Last night we were treated to a dinner of the most beautiful rib eyes I have ever seen, grilled by my father. No one I know can grill meat better than him. Perhaps it's because I grew up on his food, but no restaurant I have ever been to has matched the flavors or the perfect degree of "doneness" that he brings inside from the grill. Last night he was using a Weber with 100 percent natural mesquite charcoal.

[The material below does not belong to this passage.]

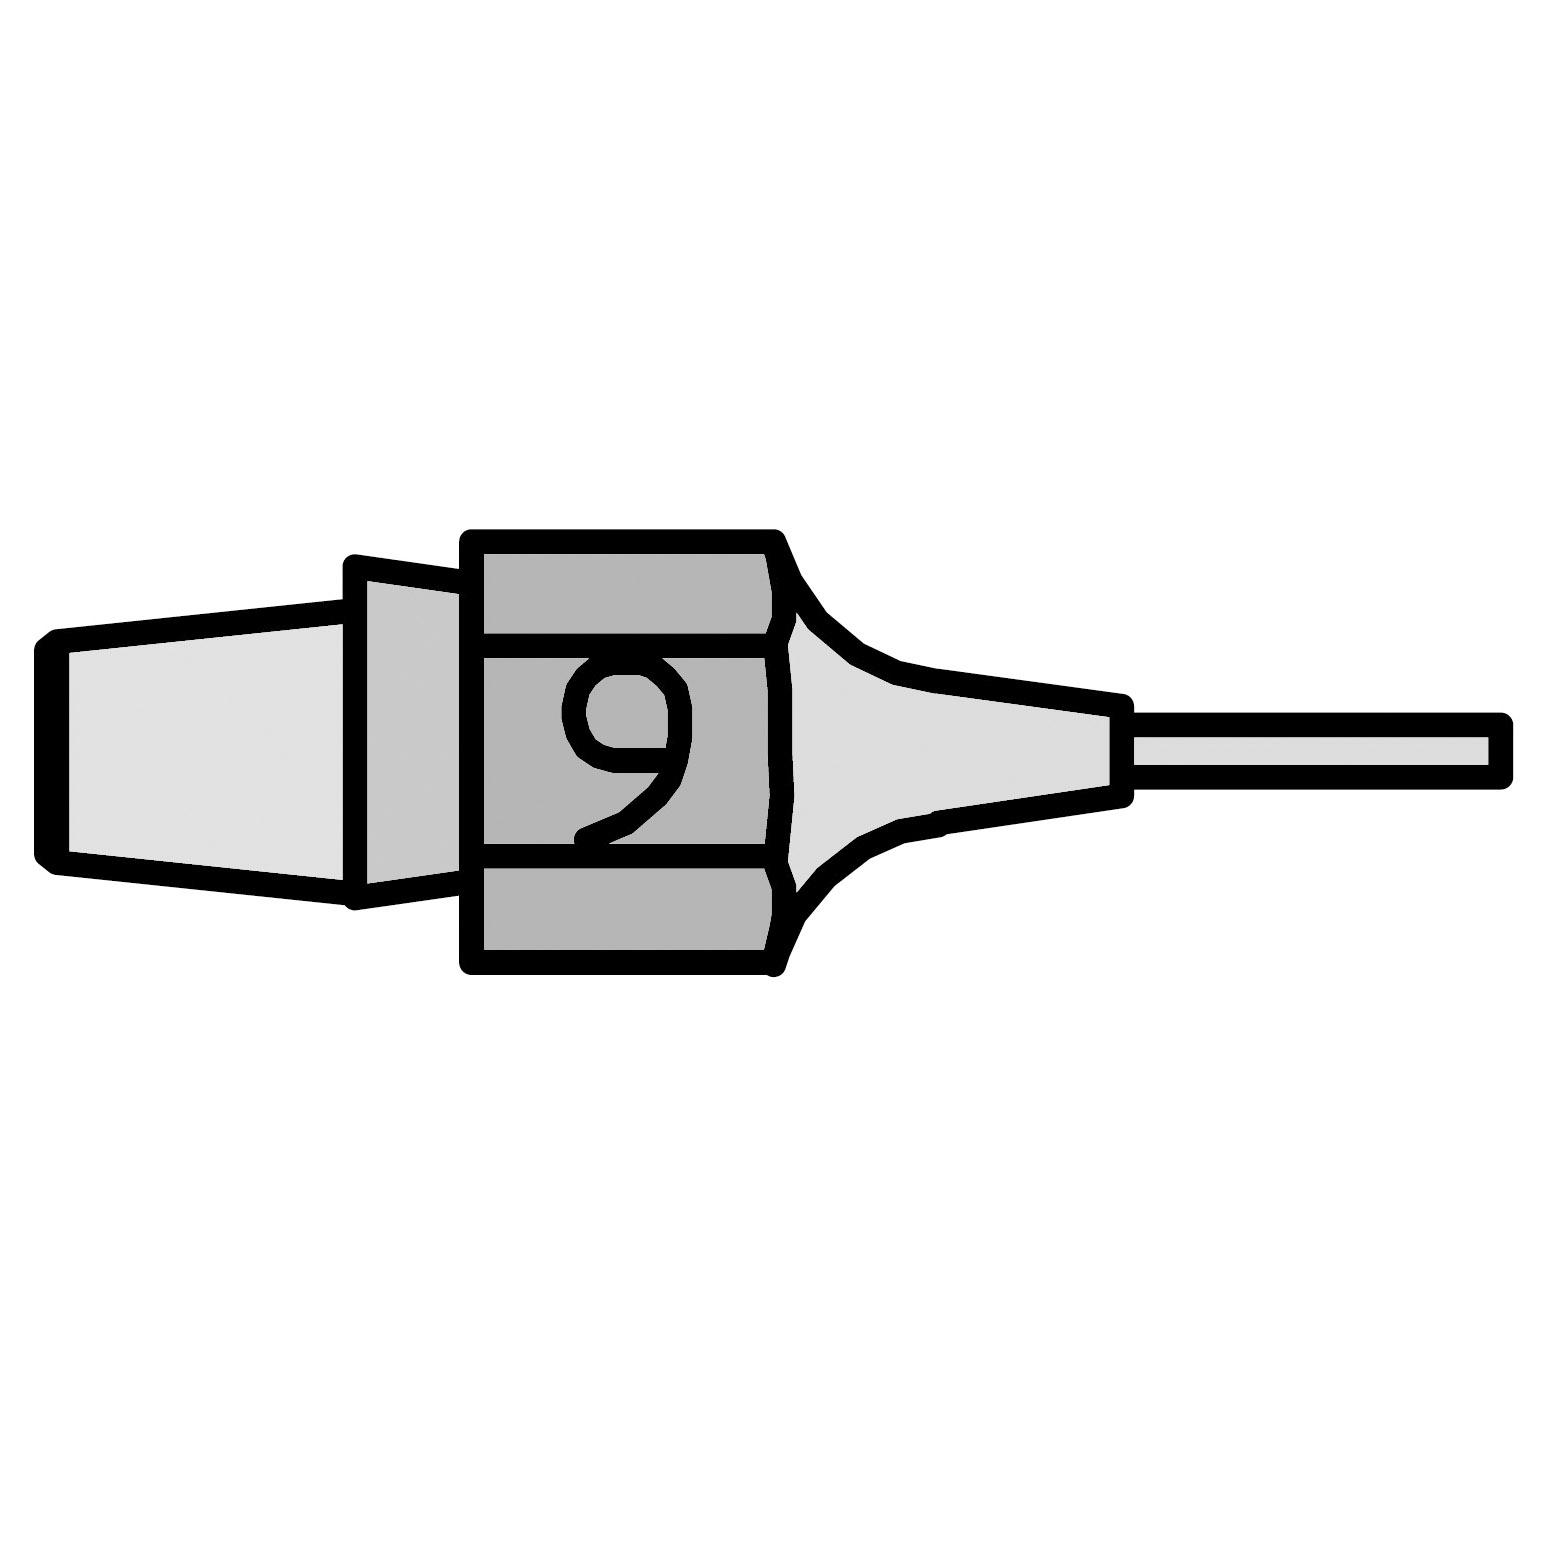 DX 119 Desoldering Nozzle
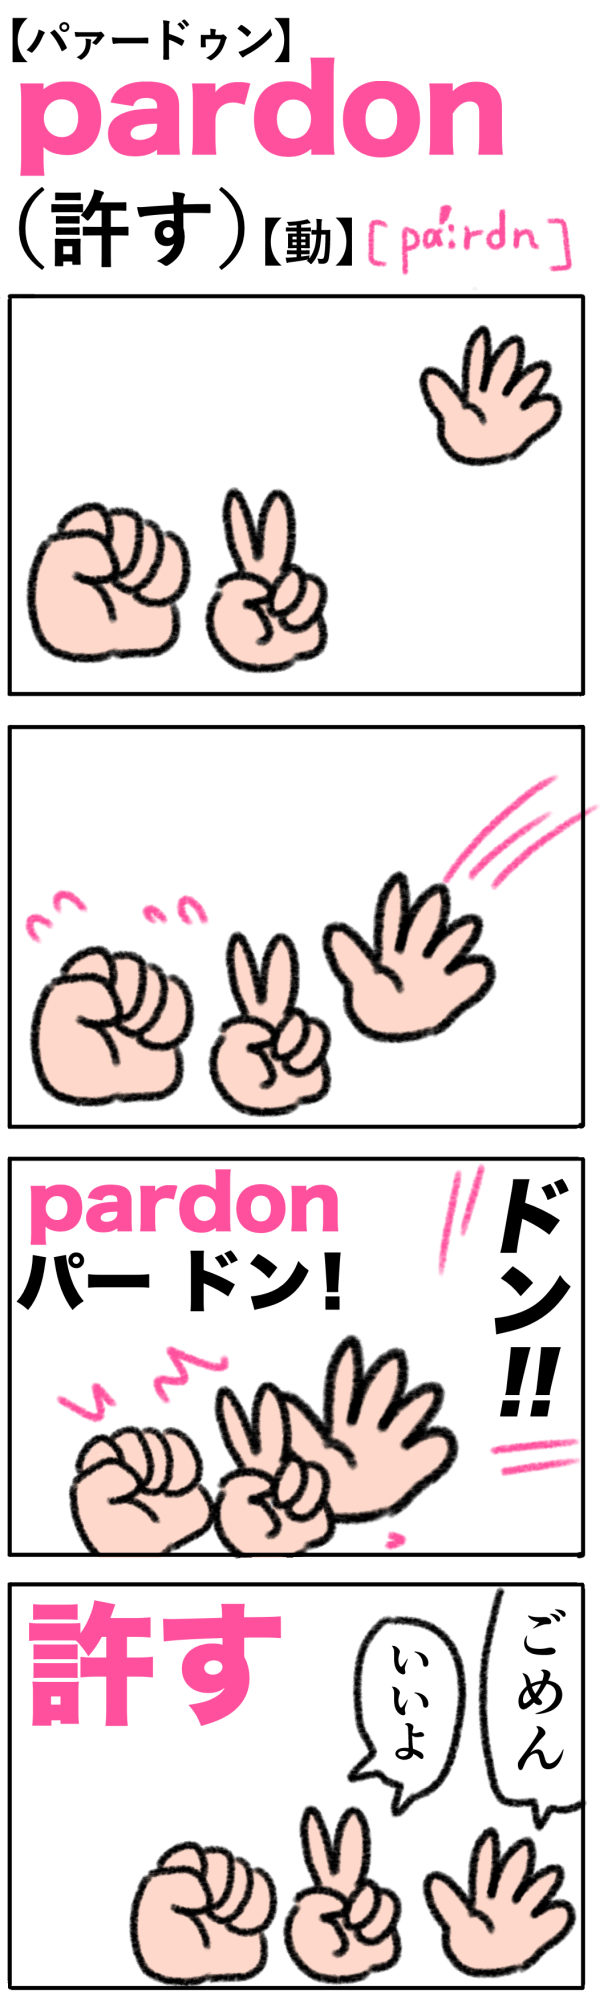 pardon(許す)の語呂合わせ英単語

When I feel compelled to take a picture of a piece of raw meat, you know dinner is going to be good. To make these guys "smothered" we sauteed vidalia onions and portobellos until caramelized. Just cut up some fresh produce and throw in tomatoes from the garden for a salad and dinner is served.
Smothered Rib Eyes
Serves 6
3 large, well-marbled rib eye steaks
2 vidalia onions
6 small portobellos (or three regular)
3 T olive oil
3 T balsamic vinegar
soy sauce for marinating
salt to taste
Drizzle the steaks with soy sauce and sprinkle with salt. Leave them to marinate for a few minutes while you heat up the grill. Slice the vidalia onions and portobellos into 1/4" to 1/2" pieces. Heat the olive oil in a large pan over medium heat, add the onions and saute for about five minutes before adding the mushrooms. Cook for an additional five minutes before adding the balsamic vinegar. Allow the mixture to hang out over low heat, stirring occasionally, while you grill the steaks (this process can be made much easier if you're inside taking care of the smothering, while dad is outside grilling and mom is getting the salad ready - I love family weekends). Once the steaks have reached your desired doneness. Bring them inside and let them sit for ten minutes before slicing in half and layering the smother on. Serve with salad and veggies and enjoy!